The Black Hills Gold Rush: Adding Insult To Injury

Let’s just say that after the first Thanksgiving, relations between European whites and American Indians were not always so congenial. And as “Manifest Destiny” was taking hold across the Great Plains and the West, things progressively got worse, until there was an olive branch. Only to see that get snapped in two.

The Treaty of Fort Laramie

For a couple of decades in the middle of the 19th century, settlers coming from the burgeoning United States into frontier areas of the West encountered resistance from American Indians who had claimed land in the West as its own and even as sacred ground. A number of skirmishes and small battles broke out across the West, and things finally got to a point that the U.S. government, trying to protect its people, entered into an agreement with local tribes of the Sioux and Cheyenne called the Treaty of Fort Laramie that was supposed to bring some peace. The settlers were to leave the prized Indiana lands alone, and the Indians would not attack settlers without provocation.

Eureka!

In 1874, there were rumors floating around about a key precious metal being found in the Daokta Territory. The same mineral that led to California statehood 25 years earlier, was rumored to be found among the Black Hills in the territory. At first, it was just rumor or very small discoveries, but rumors grew like a conflagration and within weeks thousands of people from the East raveled to the Black Hills area to try to find their future. There were some finds in the area, but two men paired up and found a motherlode along a river, and that vein of gold produced for more than a century.

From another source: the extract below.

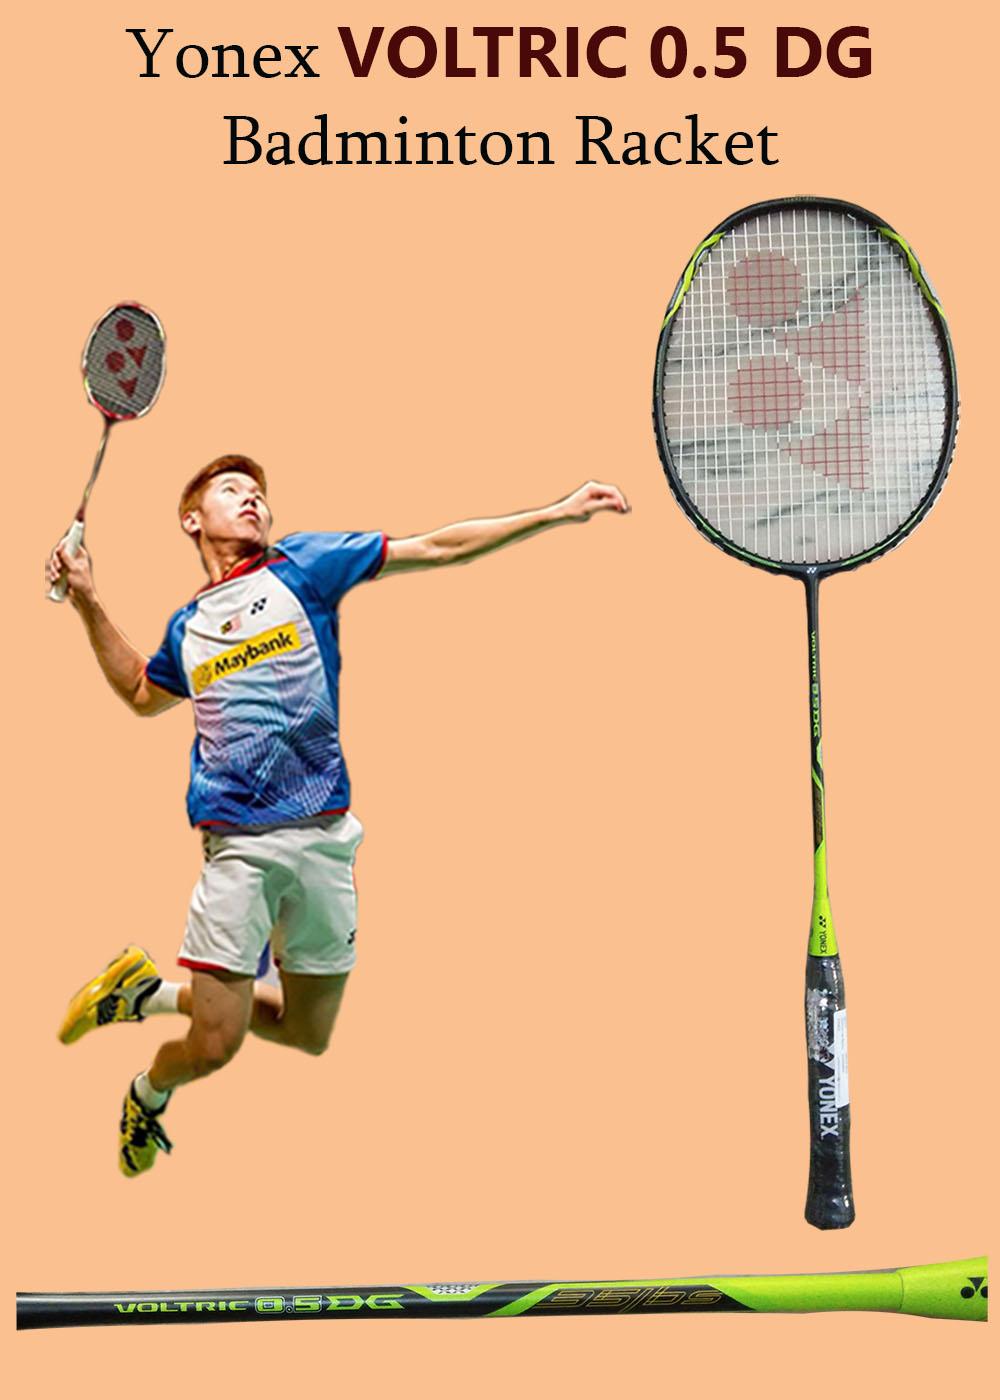 YONEX VOLTRIC 05 DG Badminton Racket

However, the Black Hills were much like the Yellowstone area of Montana – it is considered sacred and vitally important land for the Sioux and Cheyenne Indian peoples. The settlers and prospsectors who came to the rea were not as aware of the “boundaries” of Indian lands nor of the Treaty of Fort Laramie, so they poured into the area. That further angered the Indians, and by 1875 some settlements were being attacked due to their “invasion” of the land.

Enough is Enough

At the start of the rush, a military detachment was sent to the Dakota Territory to assess the gold mining opportunities and the yield of gold. Upon this work, the government gave the local tribes a deadline of January 31, 1876, to move into reservation land in the Dakota Territory or the government would force them. The government began forcible movement of the Indians off their ancestral lands to make room for the gold-rush settlers, but by the fall of 1876, the Indians were not going to go quietly – having already been “invaded” by the Northern Pacific Railroad earlier in the decade – and an 18-month campaign called the Great Sioux War went on, involving at least 10 major battles between military and Indian forces. And yes, Custer’s Last Stand at the Little Big Horn River effectively ended the conflict.